According to Mr Bremer, the news was passed to him by Mowaffak al-Rubaie, a senior Shia politician involved in negotiations with the ayatollah. The Syrian leader had apparently recalled the Shia-led uprising against the British in 1920 and urged the Shia to repeat history....

In particular, he claims to have stressed to Washington the need to confront the firebrand Shia cleric Moqtada al-Sadr. Some British officials voiced their doubts over the policy, fearing it would spark a wider Shia revolt and some expressed irritation over Mr Bremer's account, suggesting it offered a partial view.

That crisis erupted in April 2004 when Sadr's militiamen rose up as the US attempted to take the Sunni insurgent stronghold of Fallujah.


Now I cut this out along with a little bit about good ole Moqtada al-Sadr because he will be coming up a little later here in my talk.

Syria isn't known for doing much in the Middle East on its own. While Syria does do a bunch of stuff influence wise over other countries and movements Syria largely does it as the willing (or unwilling) proxy agent of another larger power.

Hezbollah is a super example. The Syrians have stoked and supported Hezbollah in large part as a proxy for the Iranians.

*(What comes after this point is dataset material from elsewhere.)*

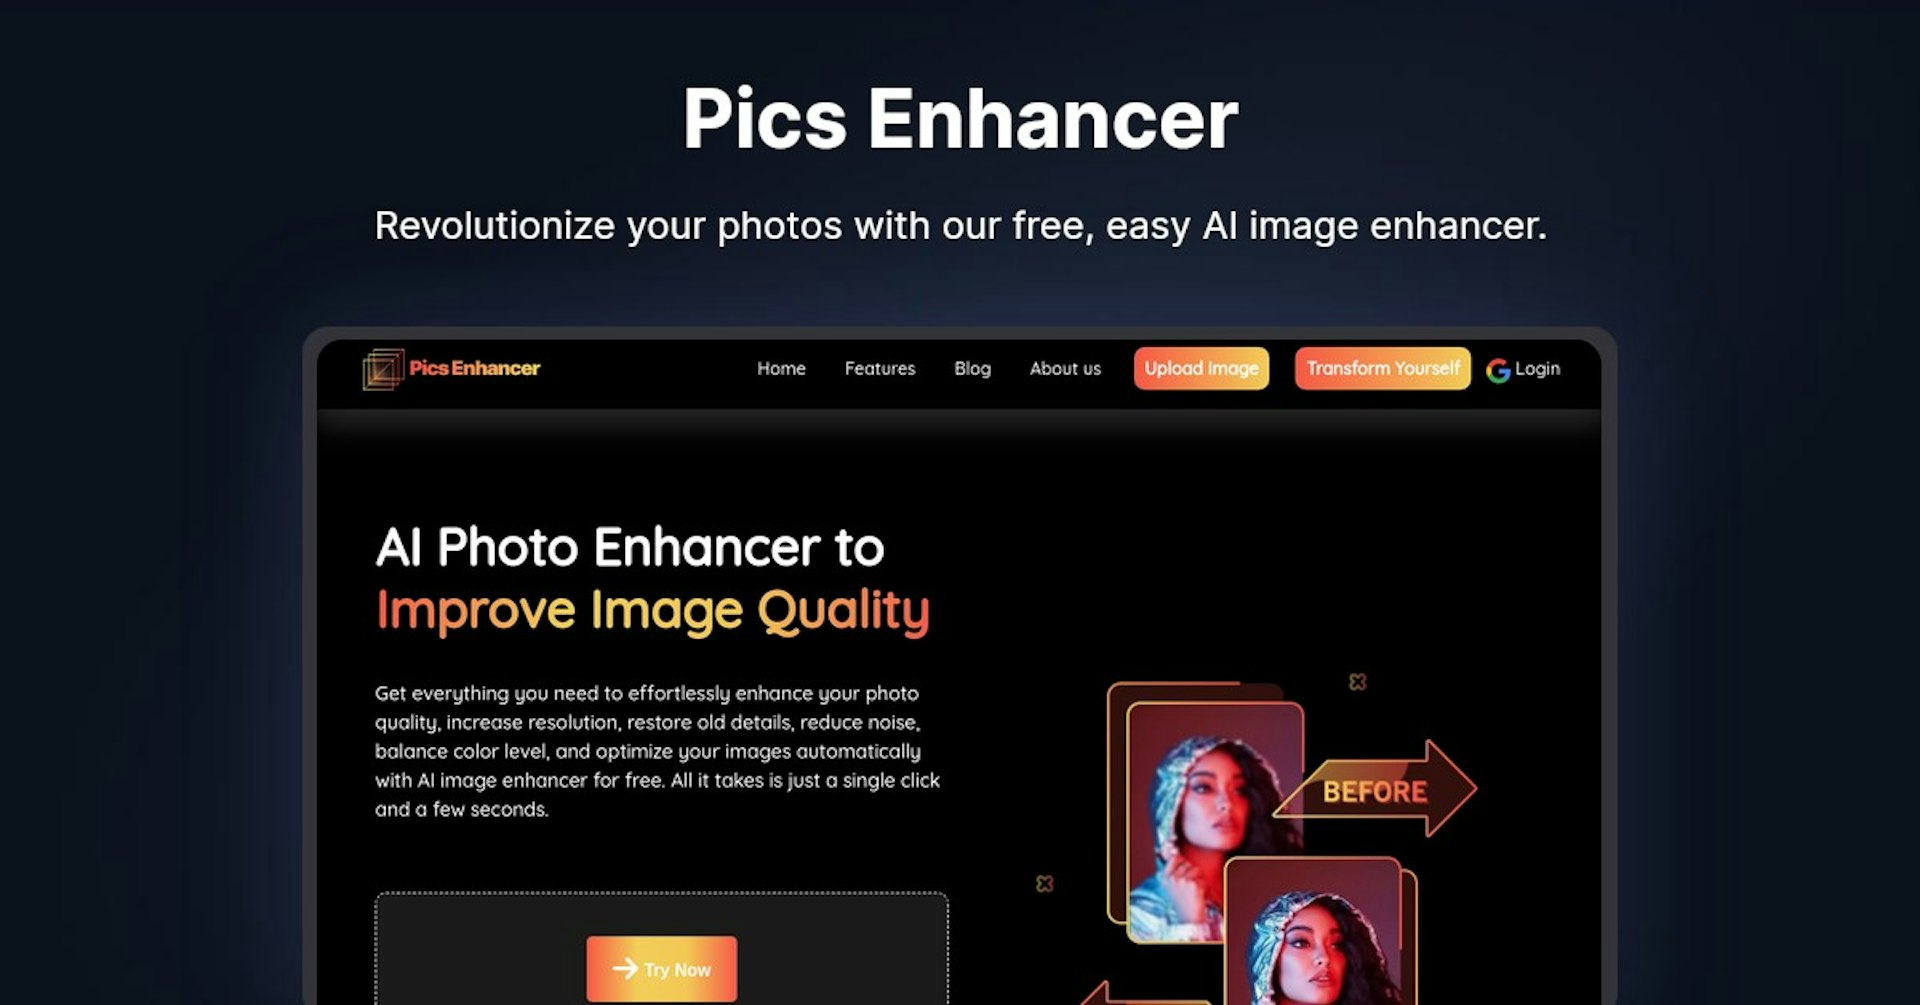 Pics Enhancer

I told people during the whole period when al-Sadr was uprising he was doing so on the order of the Iranian government. I said this for a very specific reason. Grand Ayatollah Sistani was doing some pretty wild things. He was advocating democracy and being supportive of the US efforts to enforce the Powell-Pottery Barn doctrine in Iraq.

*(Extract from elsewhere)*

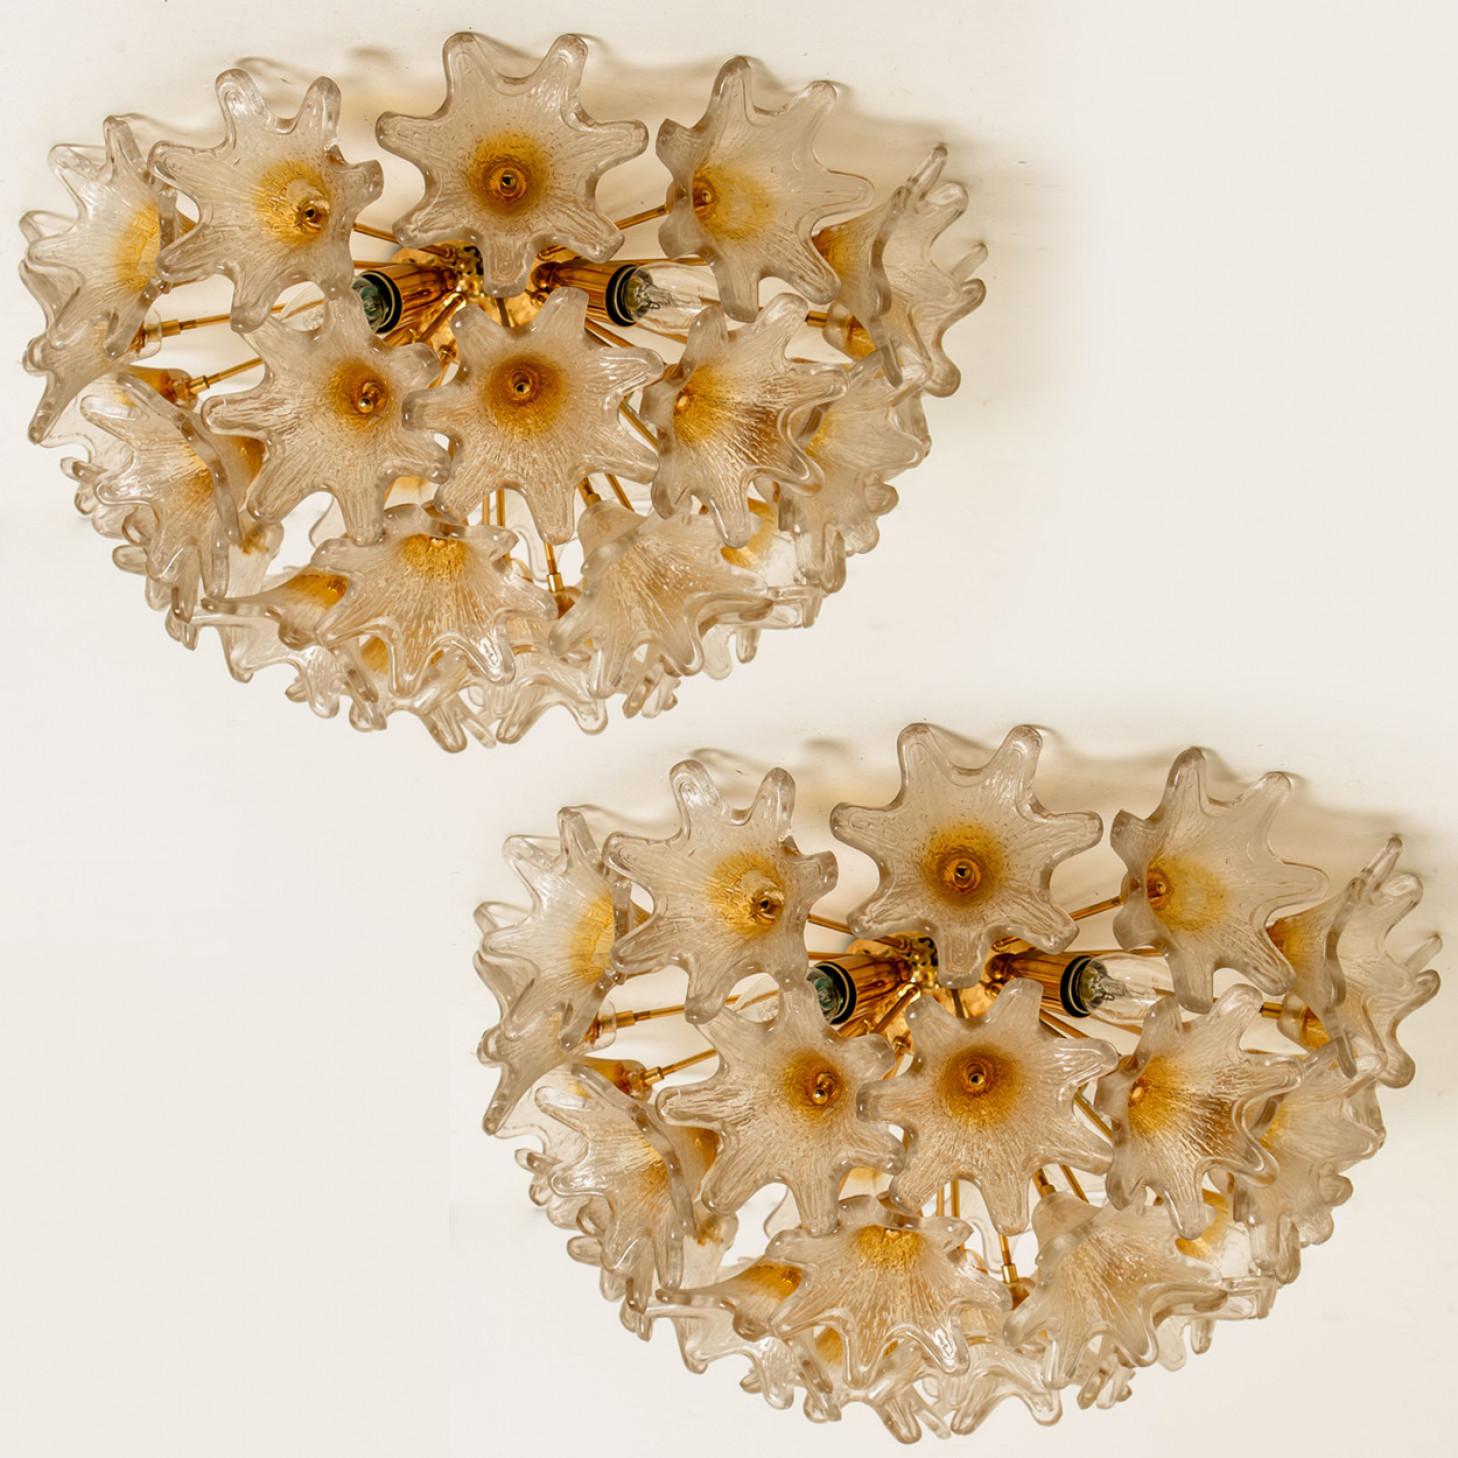 Élégante paire de luminaires en Murano dans le style de Paolo Venini pour VeArt, Italie, années 1970. Tige et matériel en laiton et fixation en acier blanc. Plusieurs étoiles en or ou en ambre et transparentes ressemblent à des fleurs.

L'ensemble

Very early and shortly after the US occupation started but before much in the way of a provisional authority came to happen Syria was trying to stimulate a revolt. You factor this with the later al-Sadr brotherhood with hezbollah and I see the Iranians acting indirectly through the Syrians working to get Sistani on board with a Shia islamic revolt and he said no.

so much as I was telling people... al-Sadr was the plan b. This revelation seems to confirm that now more and more.

Sistani has seen the failure of the Iranian model first hand, and Sadr mearly wanted to regain his fathers position as a leading voice of Iraqi shia.

the story seems to work and the actors seem to work. Only time will tell if I am right and this is indeed the play I was watching.